** Exercise goal **
State, as one number, how many lines in these records hold "print".

+++++

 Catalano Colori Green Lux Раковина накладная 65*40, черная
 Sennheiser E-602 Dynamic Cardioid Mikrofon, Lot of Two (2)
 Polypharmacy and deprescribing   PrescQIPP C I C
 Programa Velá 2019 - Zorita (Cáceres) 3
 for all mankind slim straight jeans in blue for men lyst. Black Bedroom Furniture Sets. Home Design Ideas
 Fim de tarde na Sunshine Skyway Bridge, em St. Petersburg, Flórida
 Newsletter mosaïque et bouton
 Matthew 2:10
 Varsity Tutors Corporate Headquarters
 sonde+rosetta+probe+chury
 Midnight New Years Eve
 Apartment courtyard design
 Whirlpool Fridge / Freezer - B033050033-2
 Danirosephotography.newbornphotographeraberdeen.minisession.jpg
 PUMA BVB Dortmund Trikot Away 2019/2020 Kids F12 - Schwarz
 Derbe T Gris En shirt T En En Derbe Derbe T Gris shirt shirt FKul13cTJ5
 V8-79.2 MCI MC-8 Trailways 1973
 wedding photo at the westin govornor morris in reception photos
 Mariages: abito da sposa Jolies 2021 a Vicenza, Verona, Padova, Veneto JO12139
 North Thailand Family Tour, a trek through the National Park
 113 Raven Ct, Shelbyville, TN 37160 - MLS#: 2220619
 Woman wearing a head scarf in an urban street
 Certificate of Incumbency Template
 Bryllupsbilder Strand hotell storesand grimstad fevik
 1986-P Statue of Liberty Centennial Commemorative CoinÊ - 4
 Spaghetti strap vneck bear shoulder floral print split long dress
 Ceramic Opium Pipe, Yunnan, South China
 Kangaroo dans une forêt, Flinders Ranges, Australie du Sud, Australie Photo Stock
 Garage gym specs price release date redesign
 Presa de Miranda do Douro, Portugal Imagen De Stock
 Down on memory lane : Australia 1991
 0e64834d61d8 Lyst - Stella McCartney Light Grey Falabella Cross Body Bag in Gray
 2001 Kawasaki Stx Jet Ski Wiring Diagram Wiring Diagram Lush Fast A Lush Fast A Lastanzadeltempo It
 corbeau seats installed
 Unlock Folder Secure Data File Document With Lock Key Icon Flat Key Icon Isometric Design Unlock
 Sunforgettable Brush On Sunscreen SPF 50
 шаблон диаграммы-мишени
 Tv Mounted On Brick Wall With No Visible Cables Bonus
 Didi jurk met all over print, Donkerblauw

+++++

** Response **
2